Data section:
----------

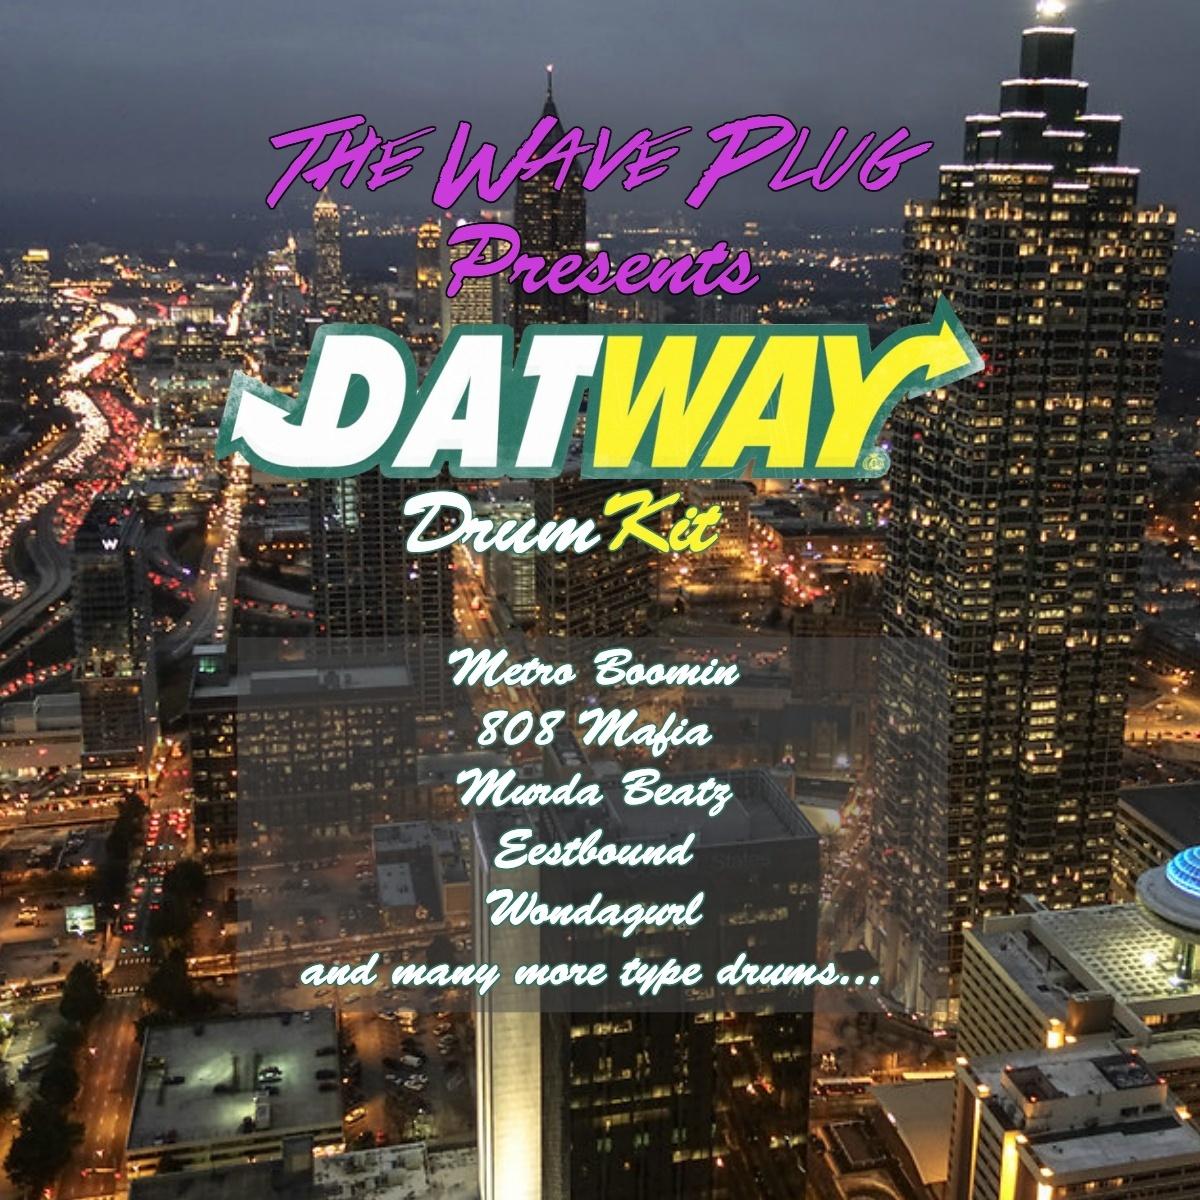 The Wave Plug presents Datway Drumkit
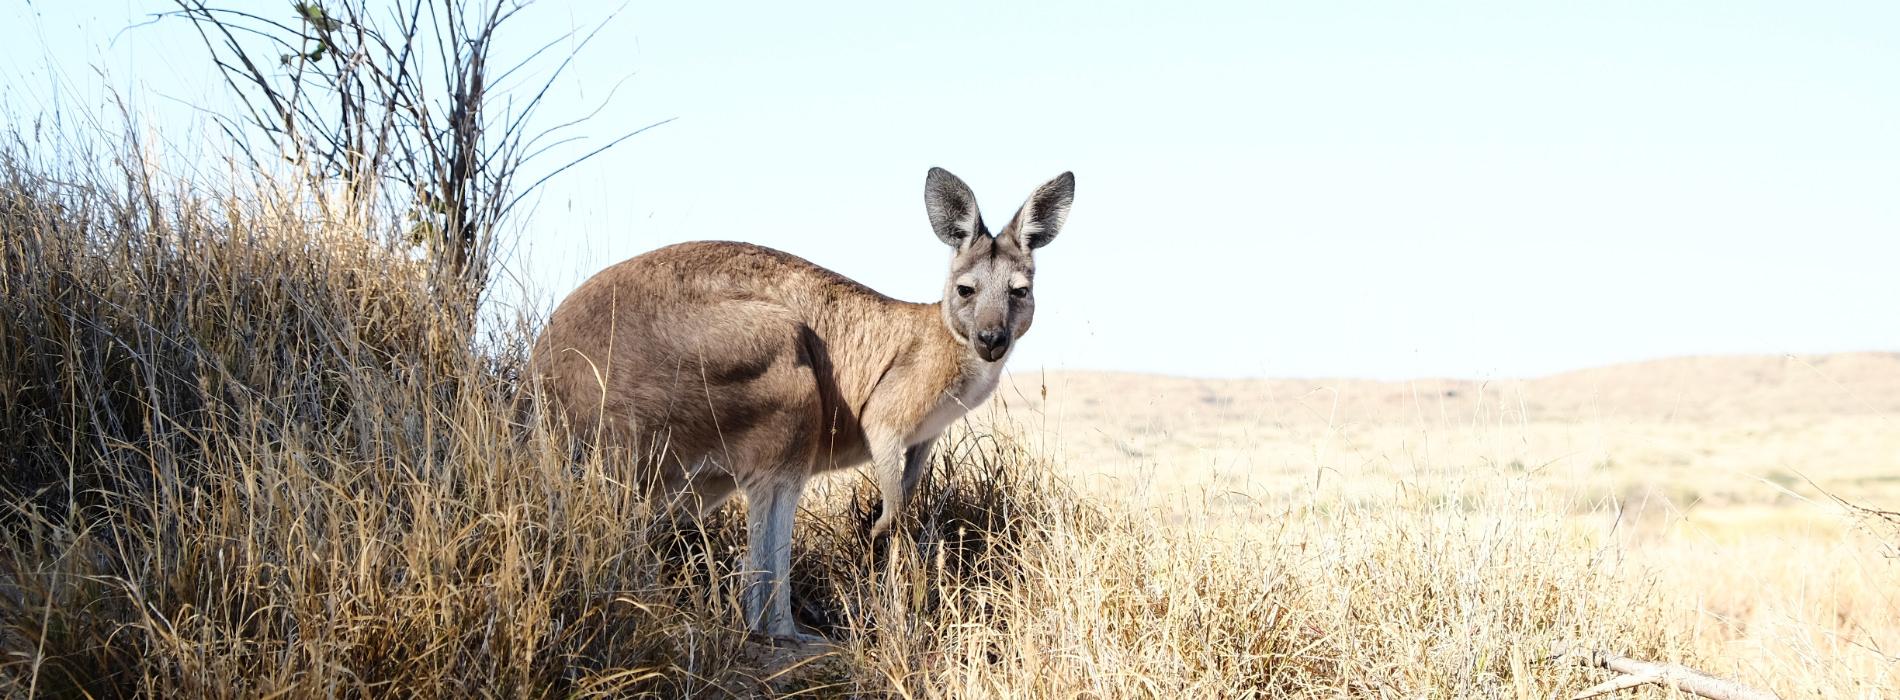 Western Gray Kangaroo
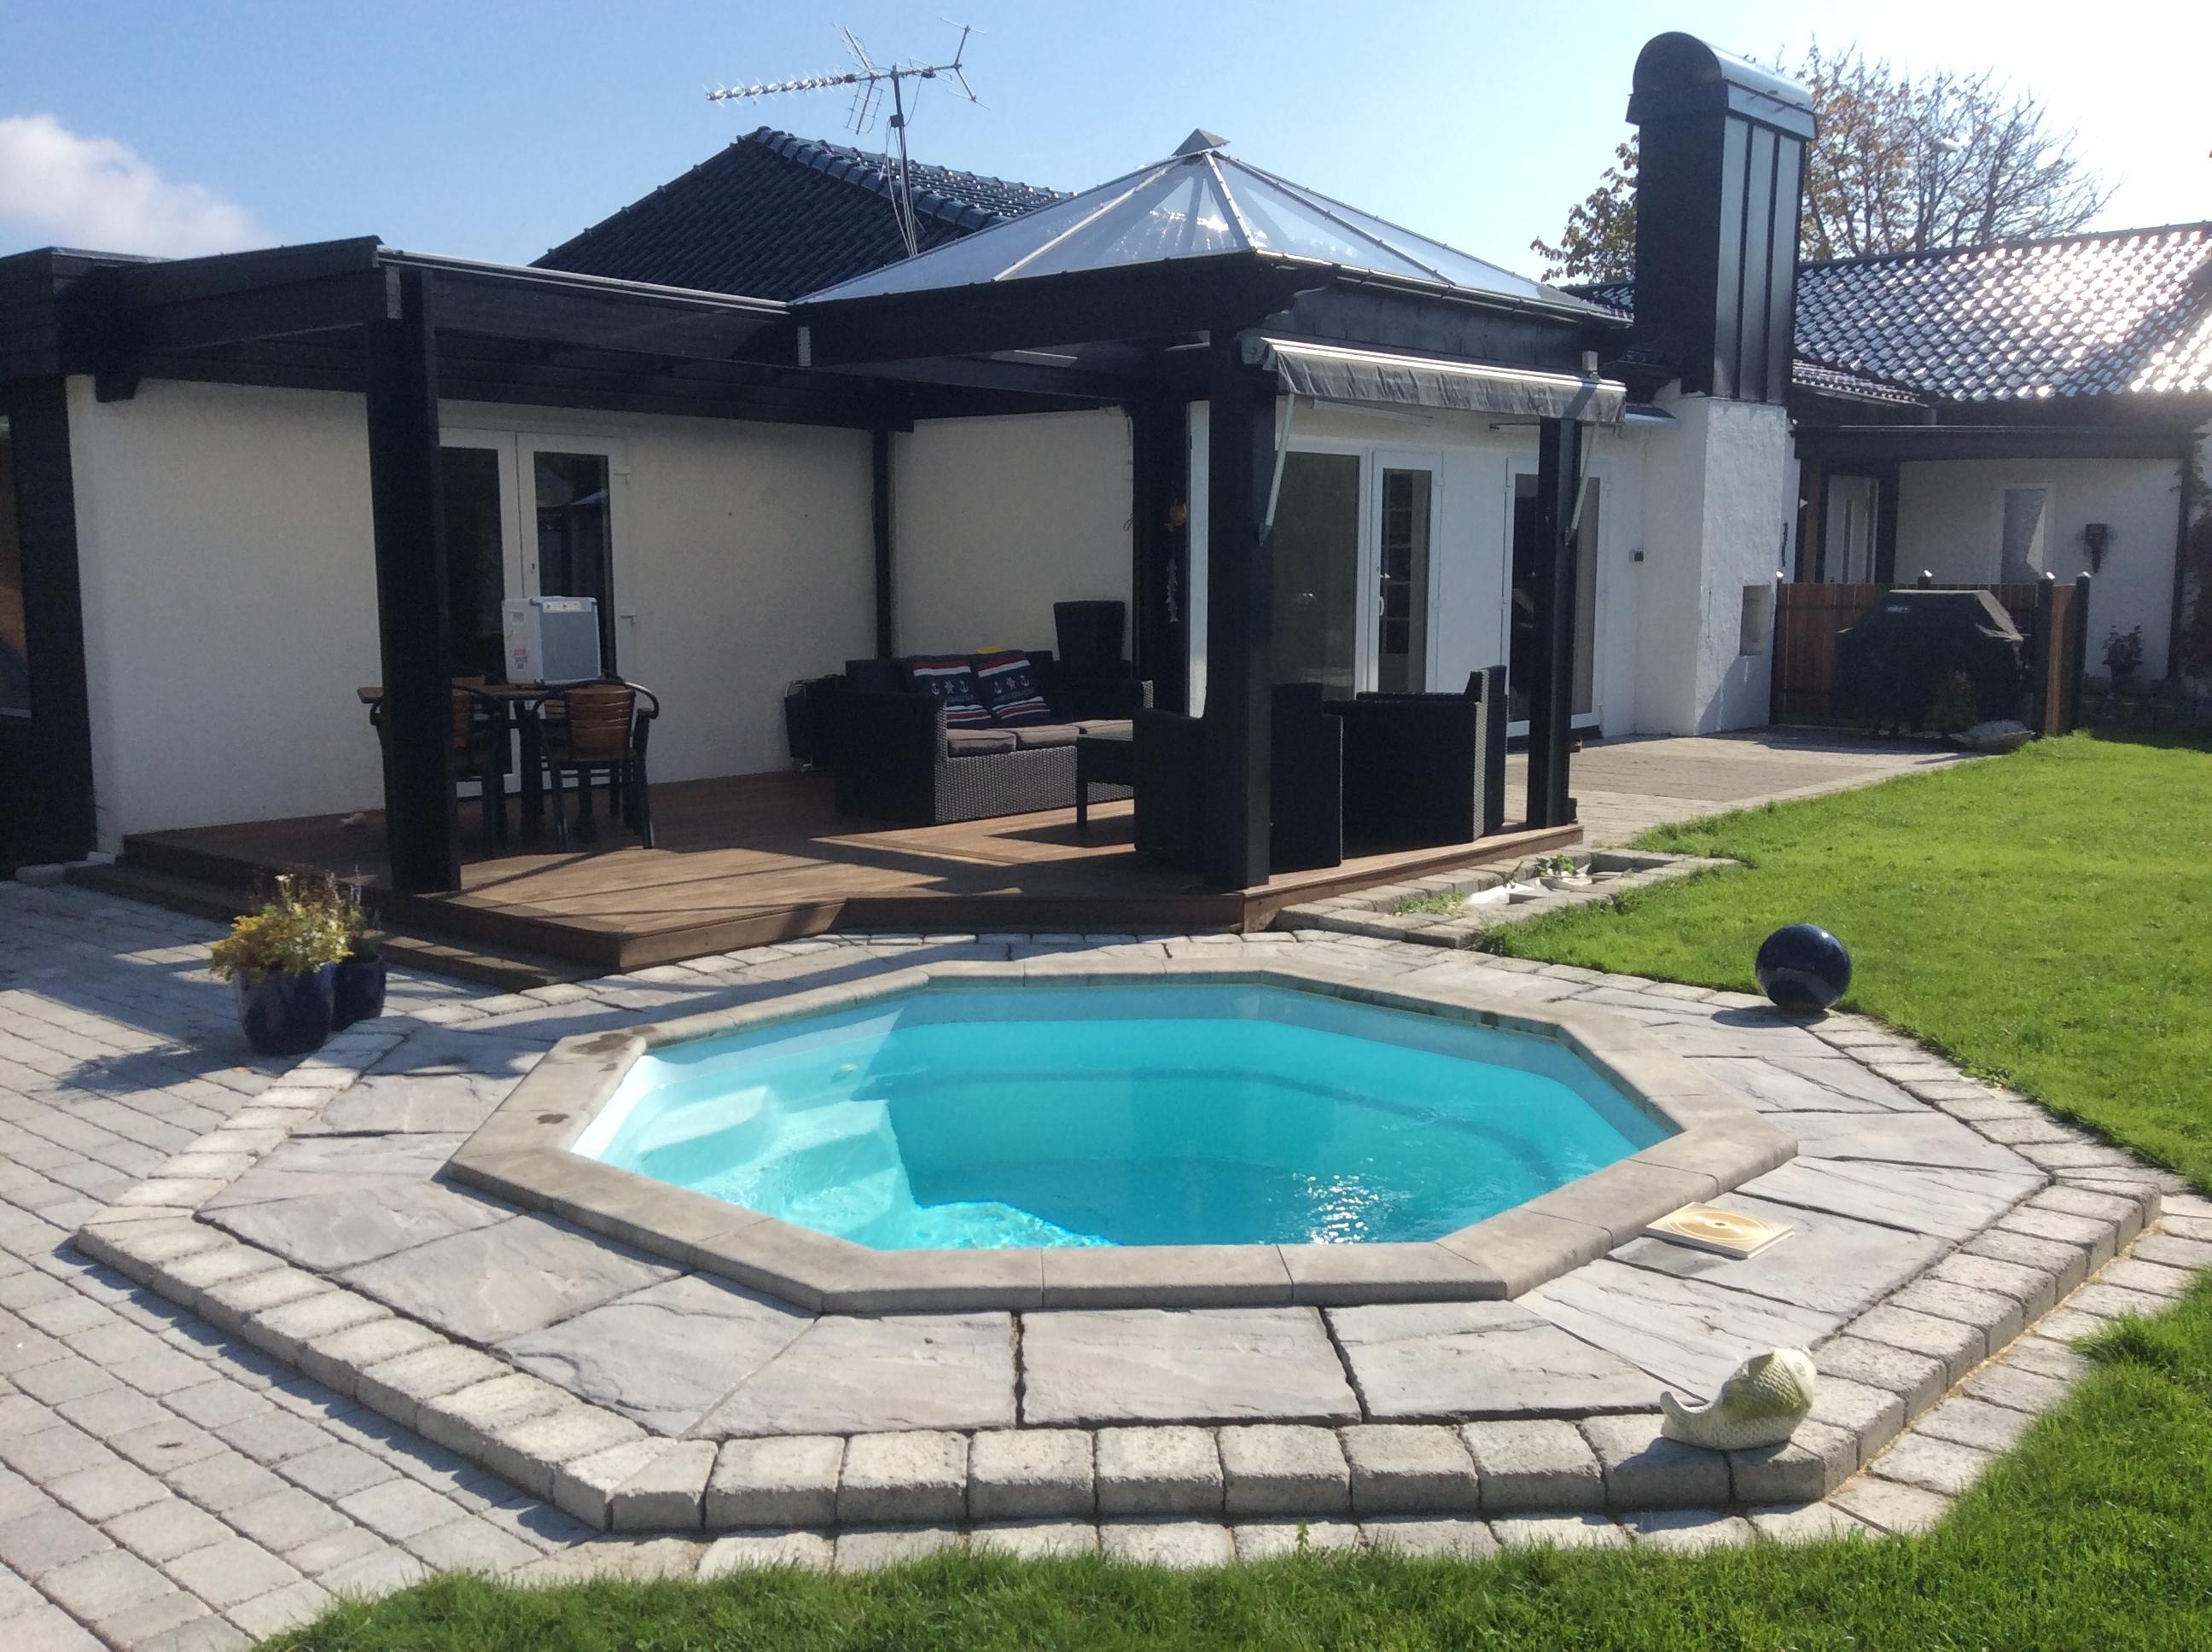 Oktagon Familypool - Liten pool - åttakantig pool - rund pool - omkringliggande stenplattor

----------

Exercise aim:
Copy all of the data word for word, and keep the pictures out of it.

Solution for this exercise:
 The Wave Plug presents Datway Drumkit
 Western Gray Kangaroo
 Oktagon Familypool - Liten pool - åttakantig pool - rund pool - omkringliggande stenplattor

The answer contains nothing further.